**Brief:**
Beginning with the line that contains "Jil and Will's", reproduce the remaining lines of the material exactly, up to and including the last one, but no pictures.

**Given information:**
────────────────────────────────────────

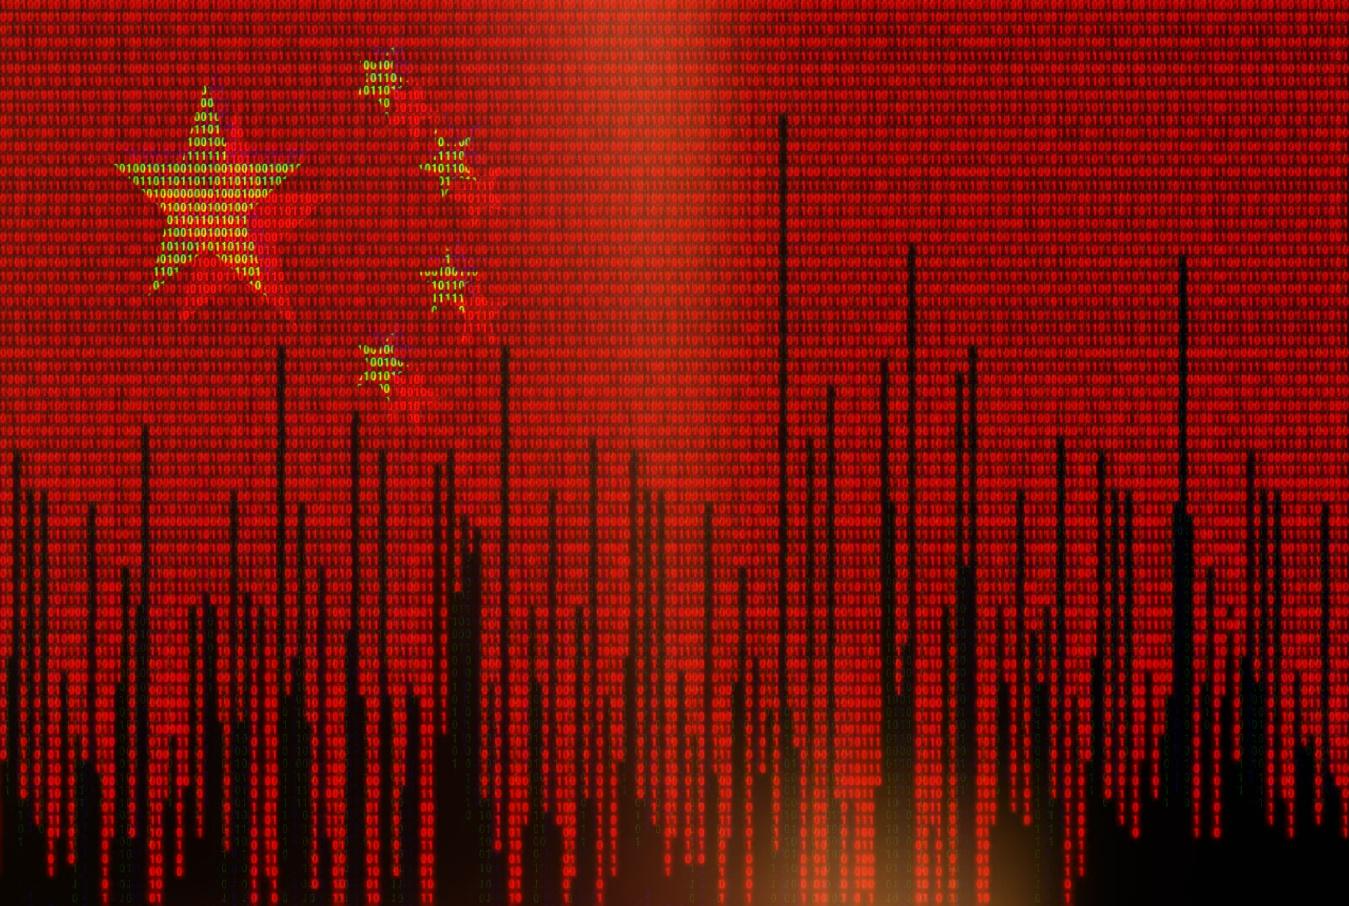 Unprotected-mongodb-leaks-resumes-chinese-job-seekers-2
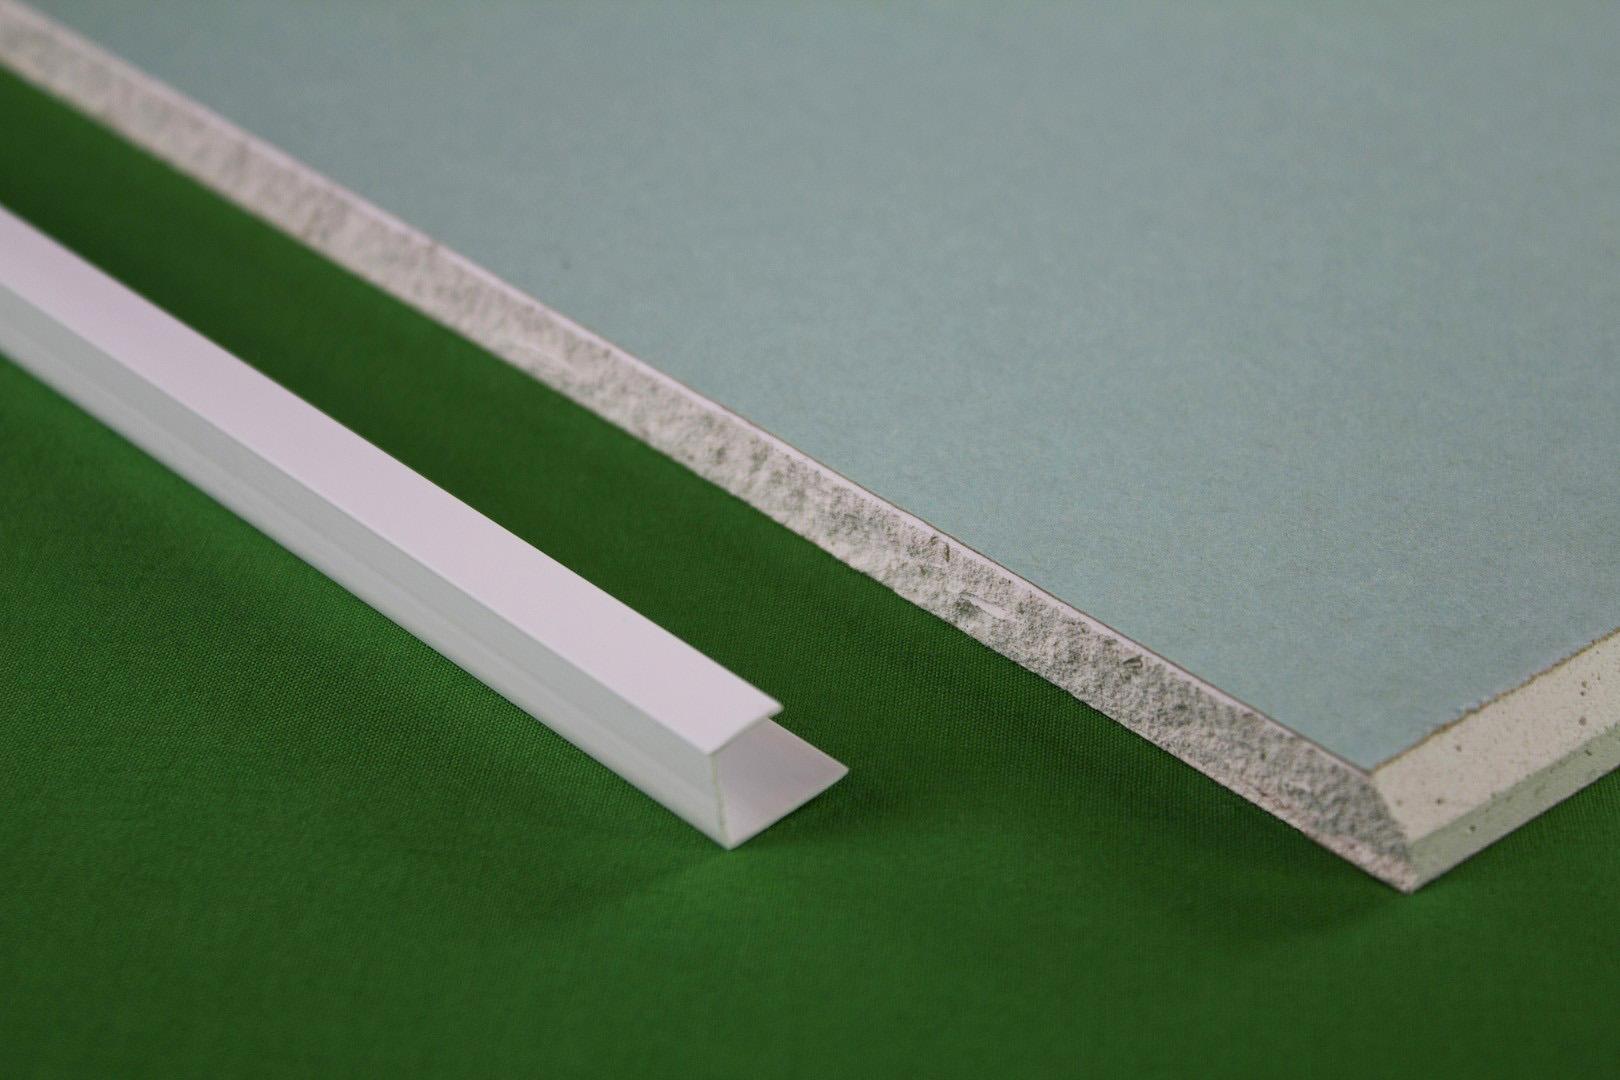 10 Meter PVC Kantenprofil Für Gipskarton Platten Rigips 12
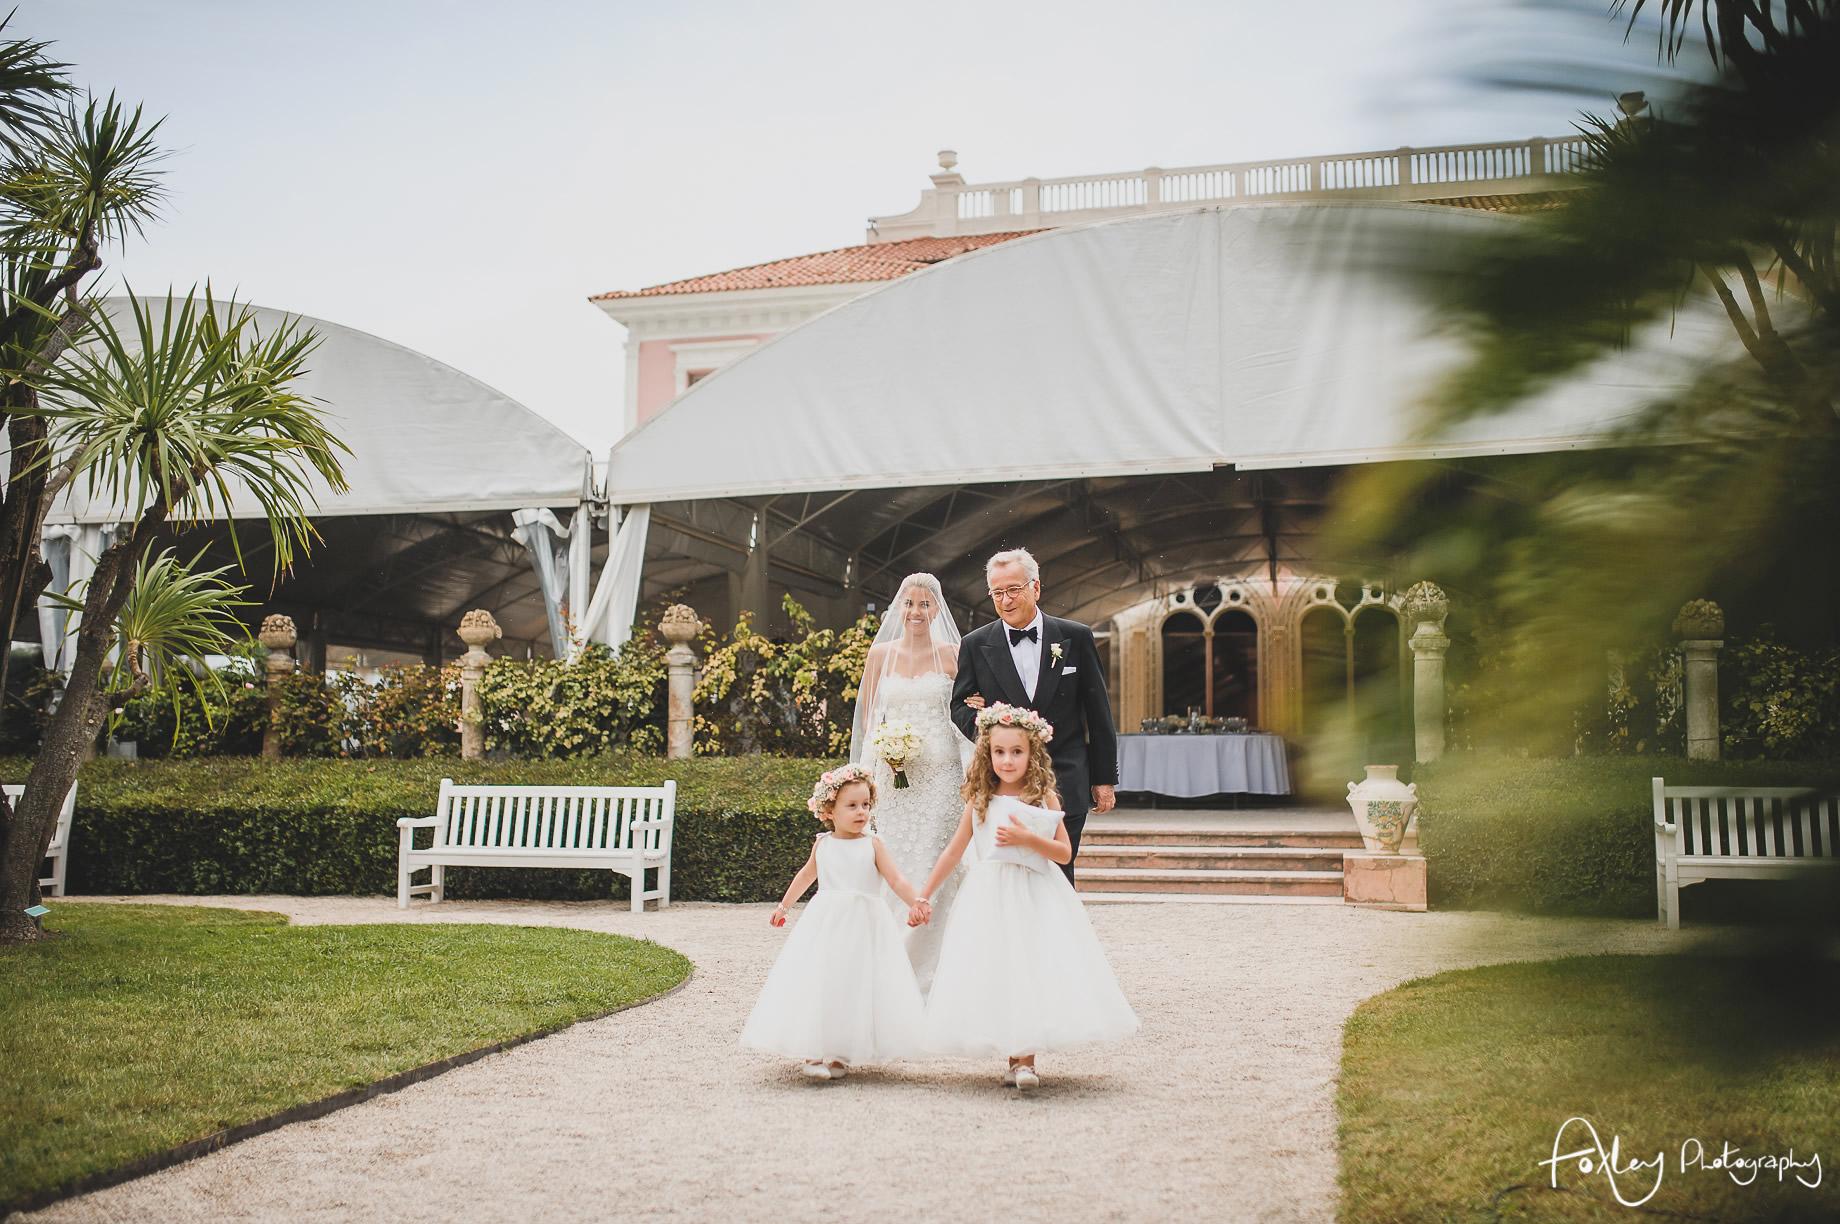 Jil and Will's Wedding at Villa Ephrussi De Rothschild 090
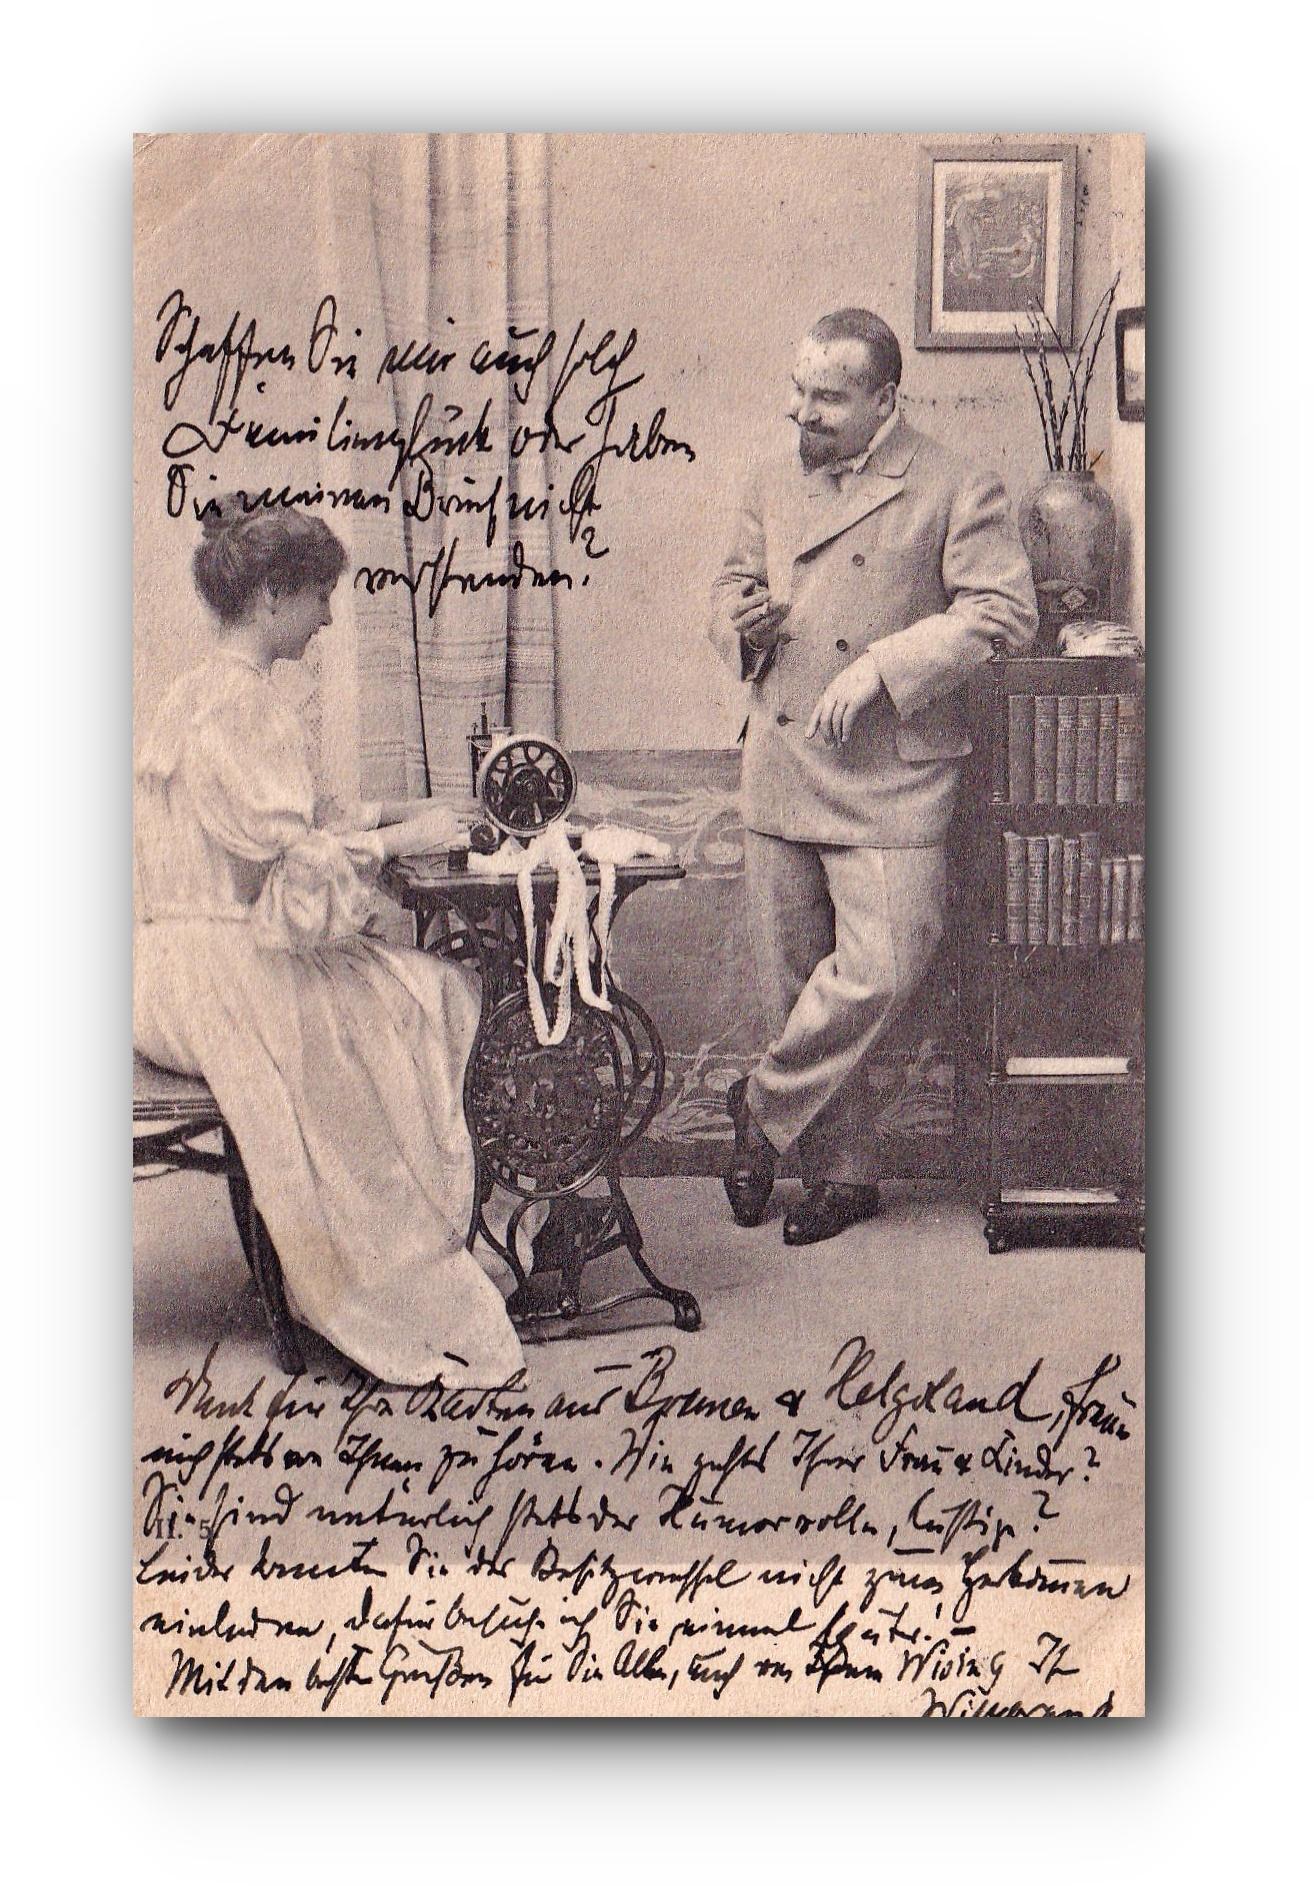 Die Näherin - 08.08.1908 - La couturière - The seamstress

────────────────────────────────────────

**Solution:**
 Jil and Will's Wedding at Villa Ephrussi De Rothschild 090
 Die Näherin - 08.08.1908 - La couturière - The seamstress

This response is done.